Ivory relief portrait (1704-16) of Sir John Houblon by David Le Marchand
Ivory relief portrait (1704-16) of Sir John Houblon by David Le Marchand © Daniel Katz

Stuart Lochhead of leading London dealer Daniel Katz will be in Maastricht with an ivory relief by David Le Marchand, England’s greatest ivory carver – a 1700s portrait probably of Sir John Houblon, then governor of the Bank of England, “believed to be” priced at around £650,000. He calls the proposed ban “a knee-jerk reaction”.
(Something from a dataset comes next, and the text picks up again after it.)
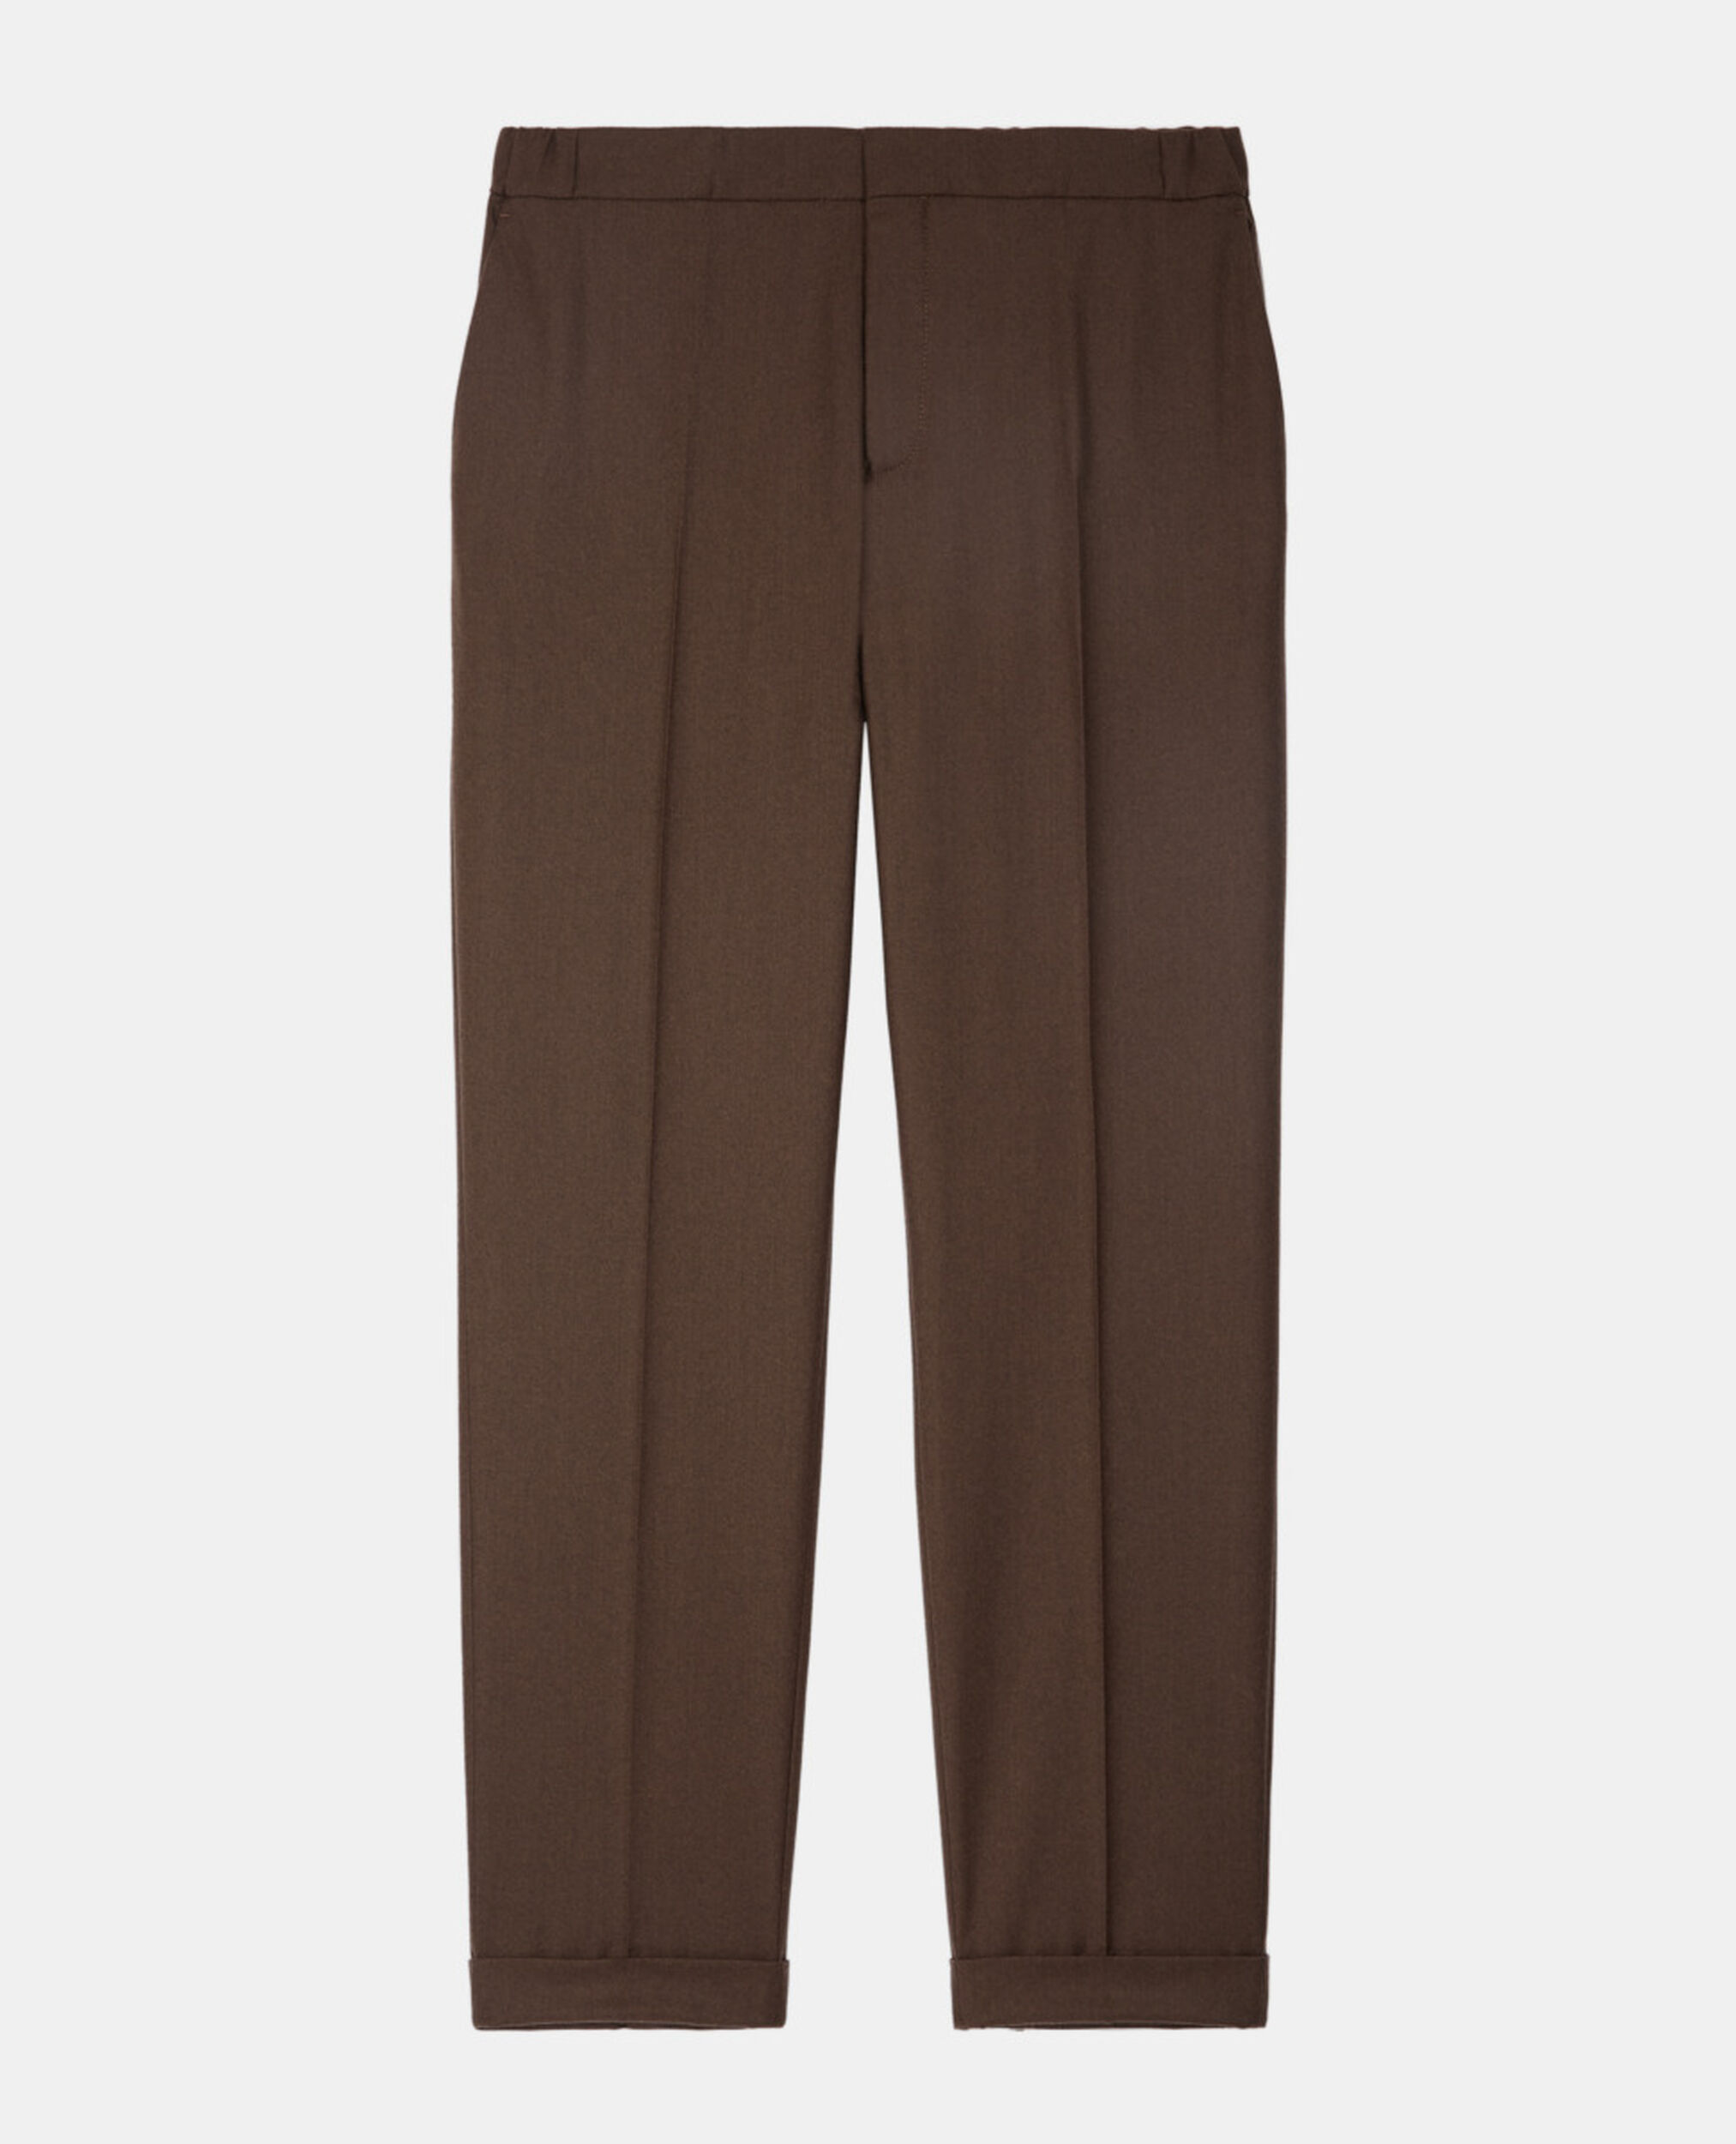 Pantalon en laine marron, BROWN, hi-res image number null

New Yorker Anthony Blumka deals in the medieval, renaissance and baroque periods, when ivory was the preferred material for church and royalty. At Maastricht he will exhibit a 14th-century diptych with scenes of the Passion of Christ. He fears that restrictions will drive the trade underground: “A collector is not going to stop wanting what he craves,” he warns.

The art world is all the more unnerved because the US ban coincides with reports in the British press that Prince William had told primatologist Jane Goodall that he wants ivory antiques in the Royal Collection destroyed and that Prince Charles, his father, has requested their removal from his homes. A spokesman for the prince refused to confirm or deny a private conversation.

Critics also point to the irony of Prince William’s pledge to save wildlife coinciding with a hunting trip with his brother Harry. The wild boar and stags they hunted are not endangered, but the animal blood on the princes’ hands did not help their cause.